White House Withheld Report From Top Intel Officers

Multiple sources within the Office of the Director of National Intelligence tell The Atlantic that the office, which employs about 1,500 people including the director himself, never received the report. The White House would not comment on how it was distributed, but Assistant Press Secretary Tommy Vietor said, "The study you reference was shared with DNI Blair, who provided us comments on the findings." However, the findings are only a brief summary of the report's unclassified sections; they are also freely available on Politico's website. The full report, which is classified, has not been shared.
Although it was established in April 2005 to head the U.S. intelligence community, the DNI has struggled because it has little power to assert its authority. The intelligence community, which includes such entrenched institutions as the CIA, has resisted the DNI's oversight. As a result, the DNI has been hampered by distracting turf wars and inter-agency disputes. The Obama administration entered office facing a dilemma: whether to reassert the DNI as the leader of the community or to scale the office down into a more modest role.
Blair, as well as key congressional leaders, have pushed for the DNI to take the leadership role. President Obama has publicly made a similar case, saying that the DNI should be "the leader of our intelligence community." The PIAB also takes this position, insisting the DNI be given "acknowledged" authority. Its findings state:
The IC [intelligence community] cannot continue to be an amalgam of independent and specialized agencies, each operating according to its own premises and policies. The very intent of the Intelligence Reform and Terrorism Prevention Act (IRTPA) [which established the DNI] was to provide for the effective integration of the IC. This has not yet happened. For the IC to function effectively and deliver credible and timely intelligence, it needs an acknowledged leader. This should be the DNI.

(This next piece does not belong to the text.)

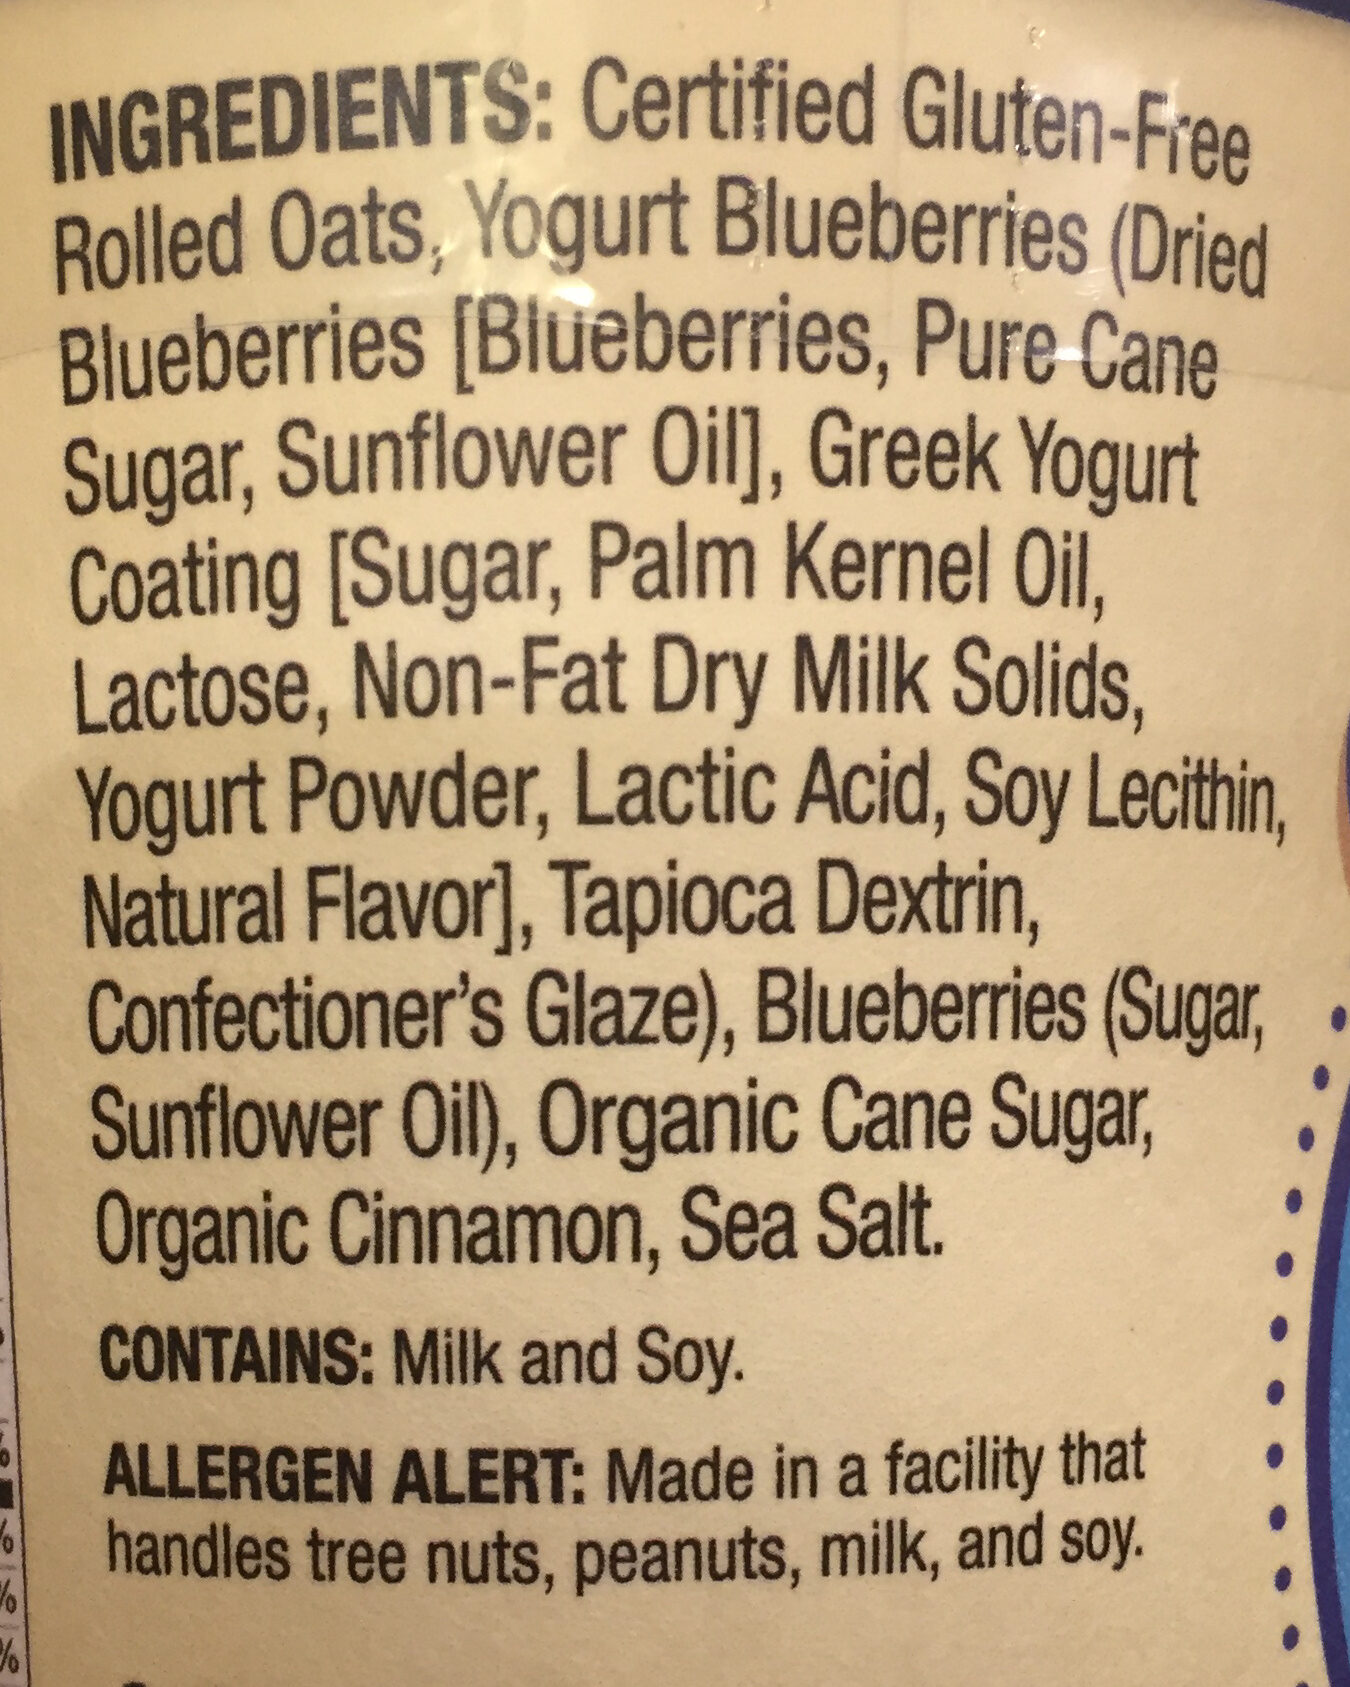 Straw propeller blueberry blitz gourmet oatmeal - Ingredients

However, there is a second strain of thought about the DNI, one that suggests it would function better as a coordinator and facilitator working on behalf of the intelligence agencies. In an April 28 memo, Under Secretary of Defense James Clapper, whom the White House has since nominated to become the next DNI, argued for this role. Perhaps unsurprisingly, this view is also often expressed by members of the intelligence community, who would rather have a DNI that works on their behalf as a coordinator agency than a DNI that works against them as an oversight agency.
Though Obama advocated for a strong DNI when announcing Clapper's nomination, in practice he has favored the second approach, forcing the DNI to relinquish key authorities over the CIA and de-emphasizing the DNI's oversight role. The White House has also declined to aid the DNI in its ongoing struggle with the Department of Defense. Both offices share oversight of multiple intelligence agencies, including the National Security Agency and Defense Intelligence Agency. Congress designed the DNI to supersede the Pentagon's authority of these agencies, but, lacking White House support, the DNI has been unable to complete tasks as simple as counting the number of foreign-language speakers in the agencies it supposedly oversees. Were Clapper to become the next DNI, he would probably be more willing to concede oversight authority to Secretary of Defense Robert Gates, who is Clapper's current boss, and to the Pentagon, of which he is currently a high-ranking official.
Congress commissioned the PIAB report late last year as part of the 2010 Department of Defense Appropriations Act, requiring the board to evaluate the DNI and offer proposals for improving it. Though the White House is not required to share the report with DNI, it would be of obvious interest to the struggling office, and especially to Director Blair in the difficult weeks before he was asked to resign. The report was delivered on April 1, 2010, to the House and Senate intelligence committees, which oversee the DNI and must approve its new director. Since then, Senate Intelligence Committee chairwoman Dianne Feinstein has increasingly called for the DNI to be strengthened and given a firmer leadership role. The Senate committee's ranking Republican, Kit Bond, has expressed similar concerns, lamenting that "the DNI does not have the statutory authority and he obviously doesn't have the support of the White House." Their hesitancy about approving Clapper and opposition to Clapper's argument for a downsized DNI have threatened to delay his confirmation.
Had the White House shared the report with the DNI, hundreds of intelligence officials who would have read it may have joined Feinstein in pushing for a strengthened DNI. Sharing the report would also have complicated any future efforts to disempower the office, as Clapper appears likely to do. But the report addresses much more than the question of whether to strengthen or reduce the DNI's oversight authority. It also gives advice on how to streamline the office, how to better coordinate among agencies, and how to improve the DNI's core mission of facilitating intelligence-sharing -- failures at which may have contributed to allowing failed Christmas day attacker Umar Farouk Abdulmutallab on his flight.
The DNI may in fact function better as a scaled-back coordinator agency rather than as the managerial oversight agency it was initially designed to be. However, at the moment, it lacks both a director and the PIAB report advising how to best do its job. Without those key tools, it is likely to struggle in whatever role it is assigned.